Data extract:
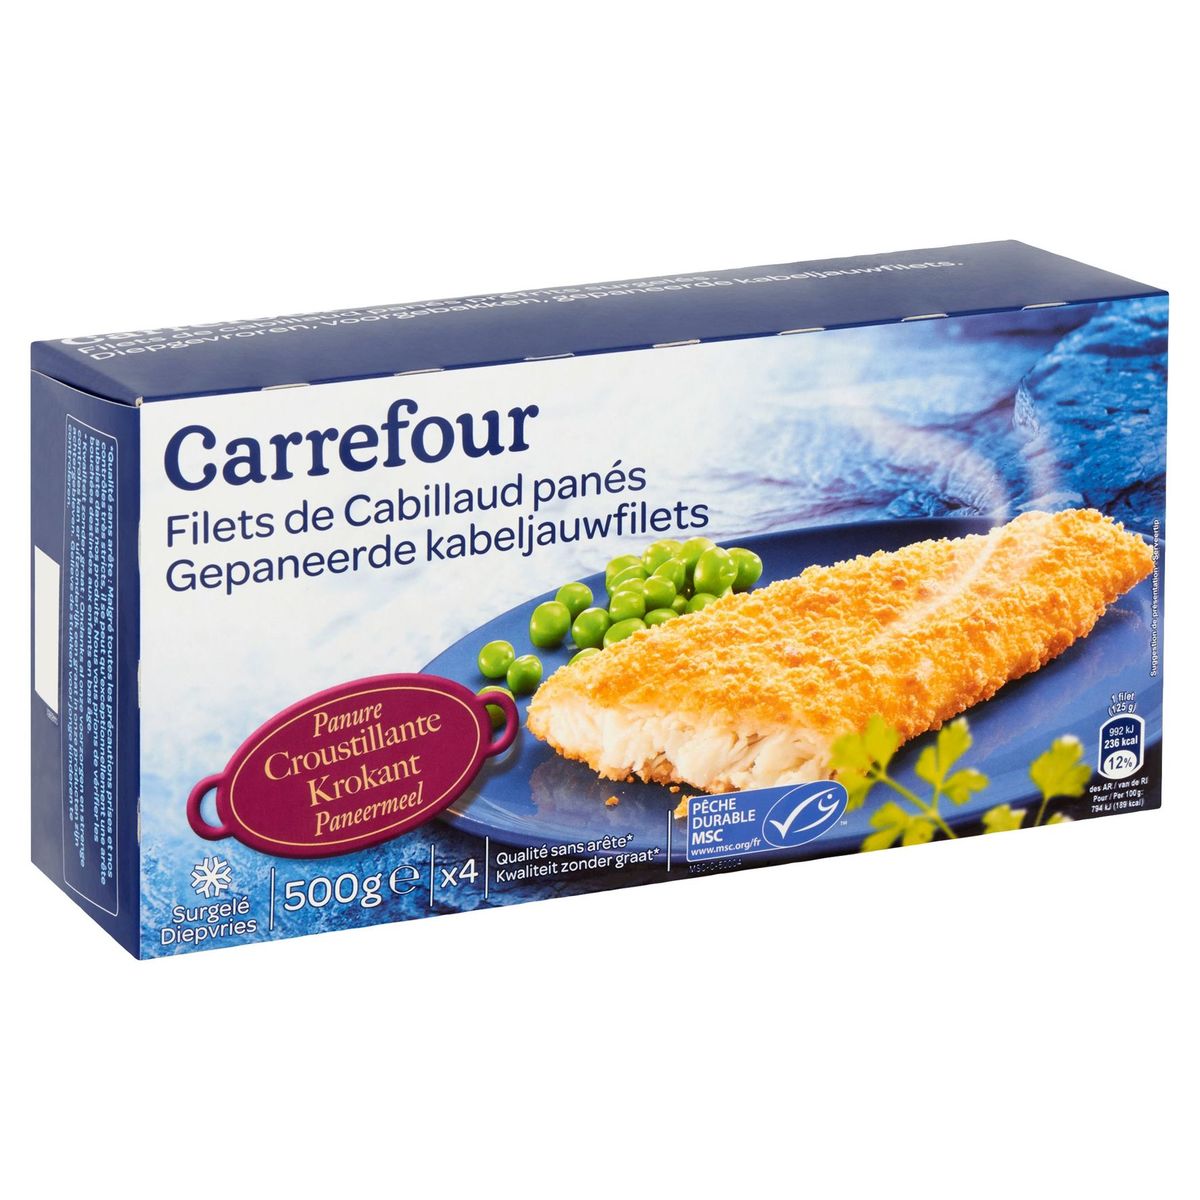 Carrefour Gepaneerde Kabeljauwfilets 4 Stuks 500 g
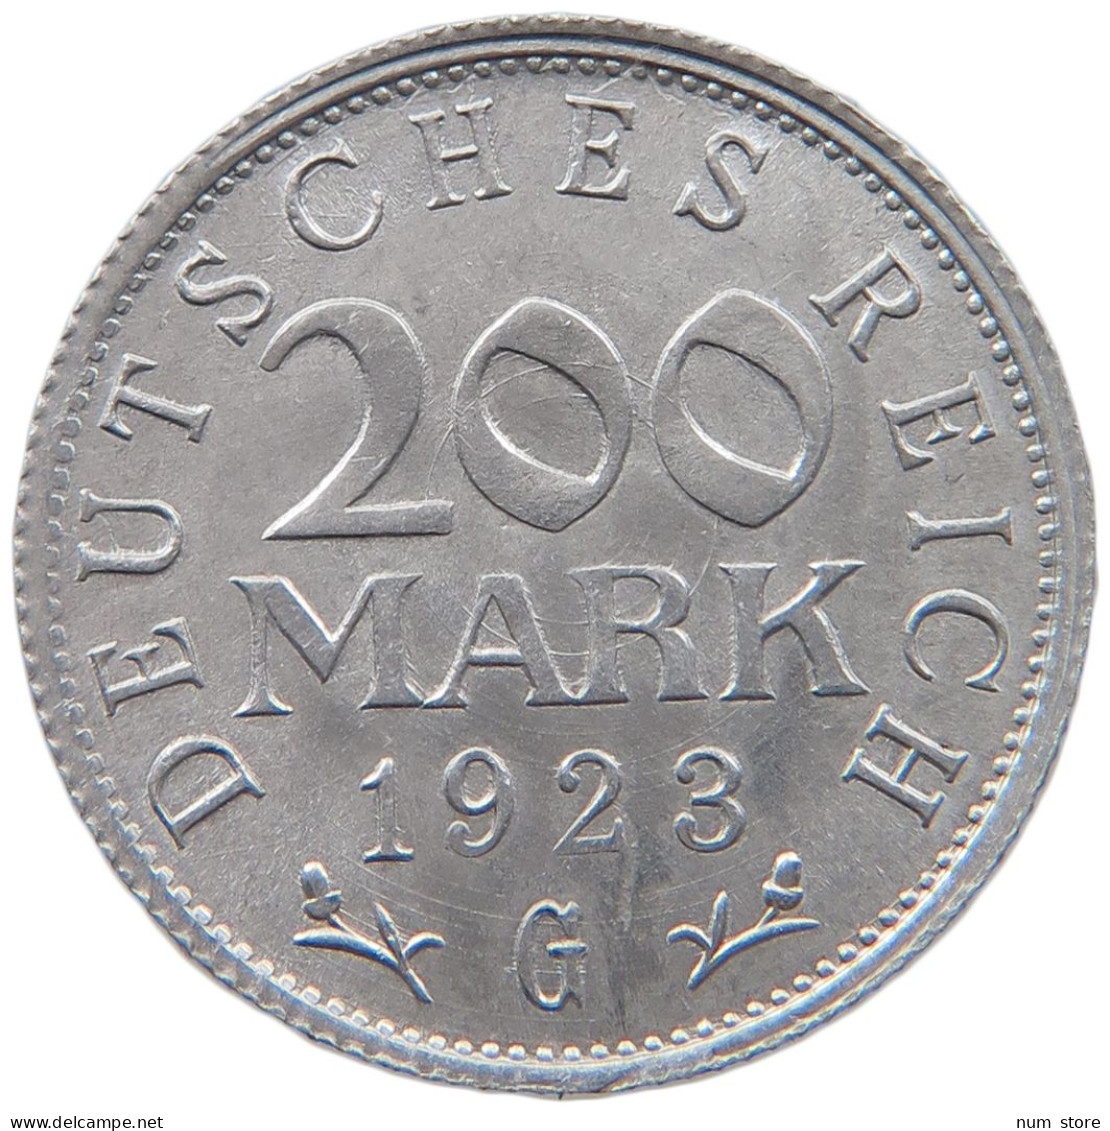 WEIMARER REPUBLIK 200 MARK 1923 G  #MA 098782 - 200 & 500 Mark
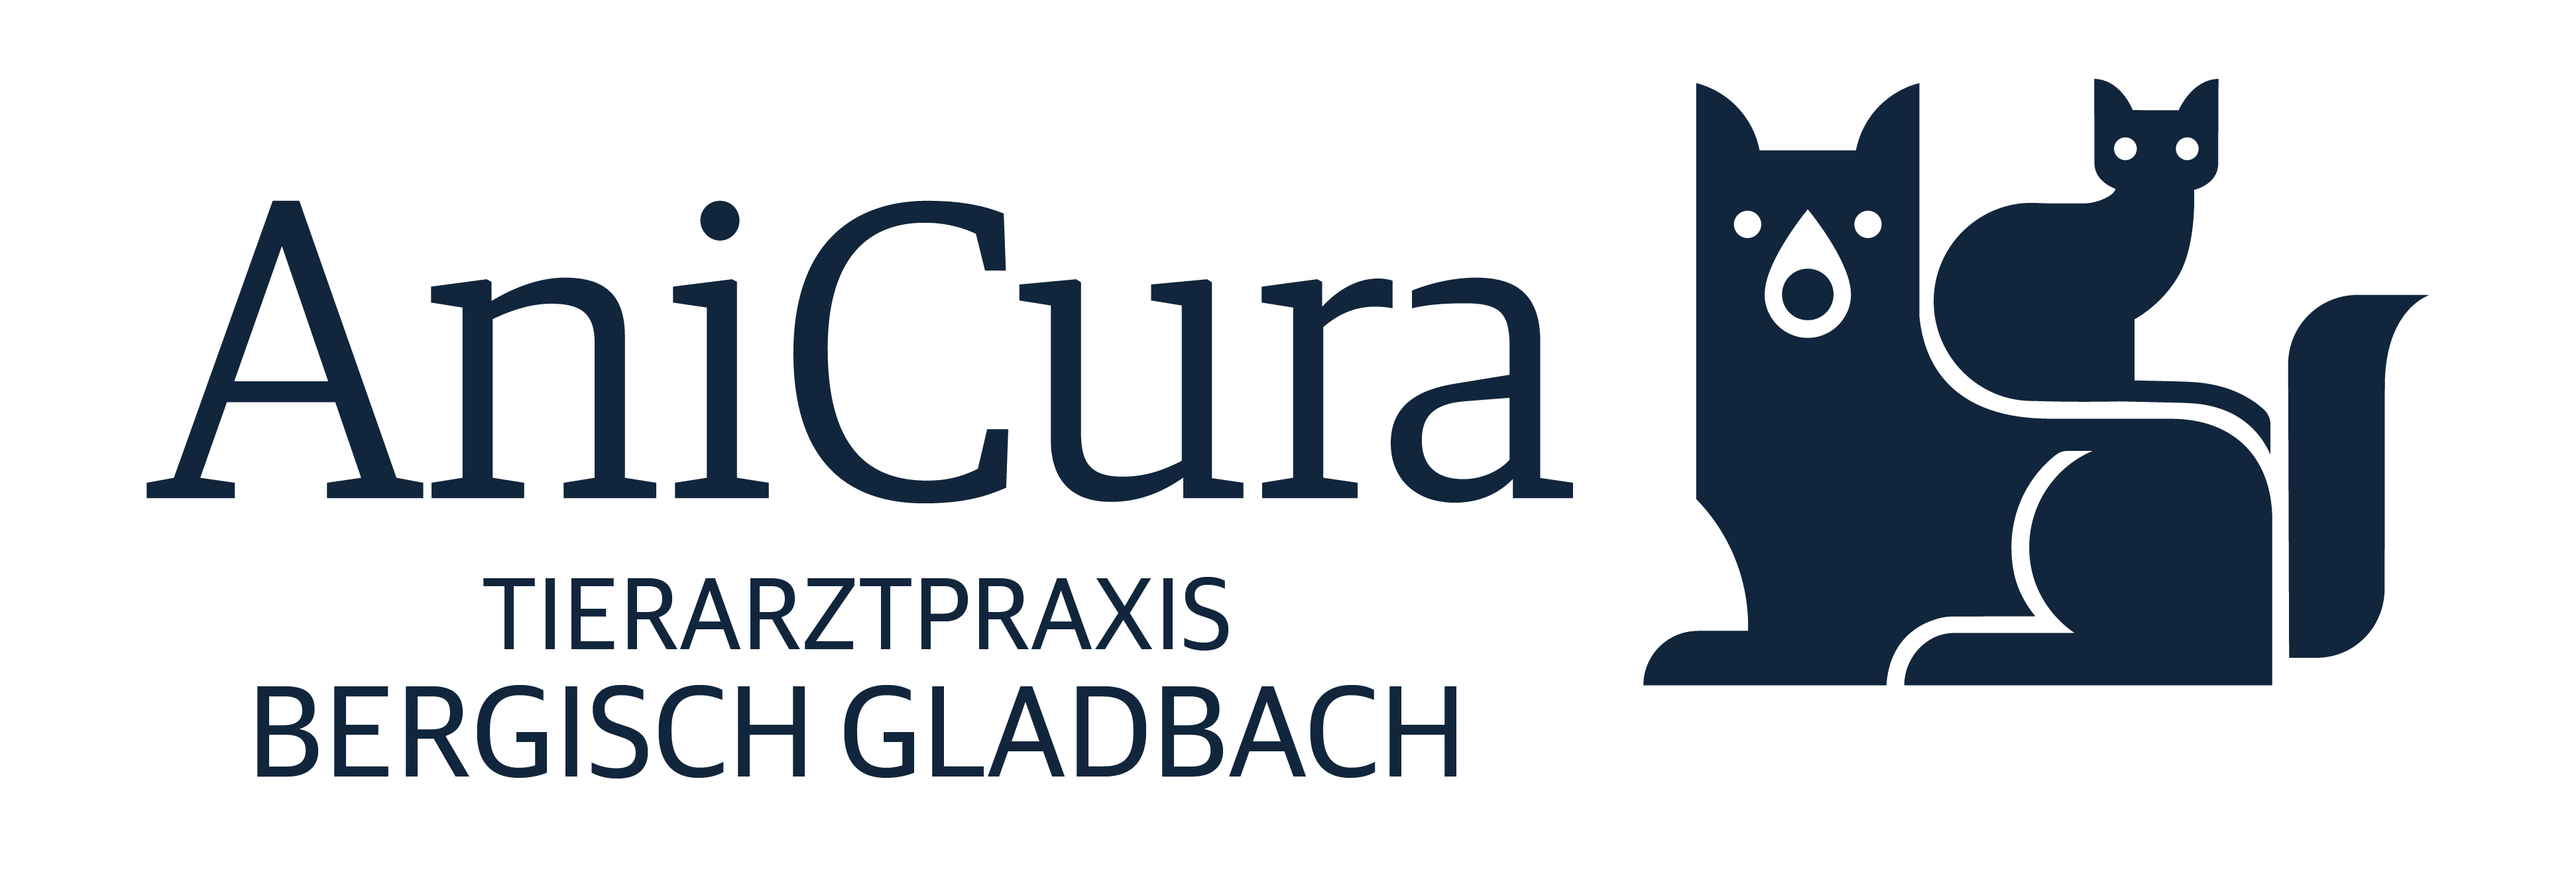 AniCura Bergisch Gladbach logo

Work to be completed: Return all of the material above unchanged, minus its pictures.

Task result:
 Carrefour Gepaneerde Kabeljauwfilets 4 Stuks 500 g
 WEIMARER REPUBLIK 200 MARK 1923 G  #MA 098782 - 200 & 500 Mark
 AniCura Bergisch Gladbach logo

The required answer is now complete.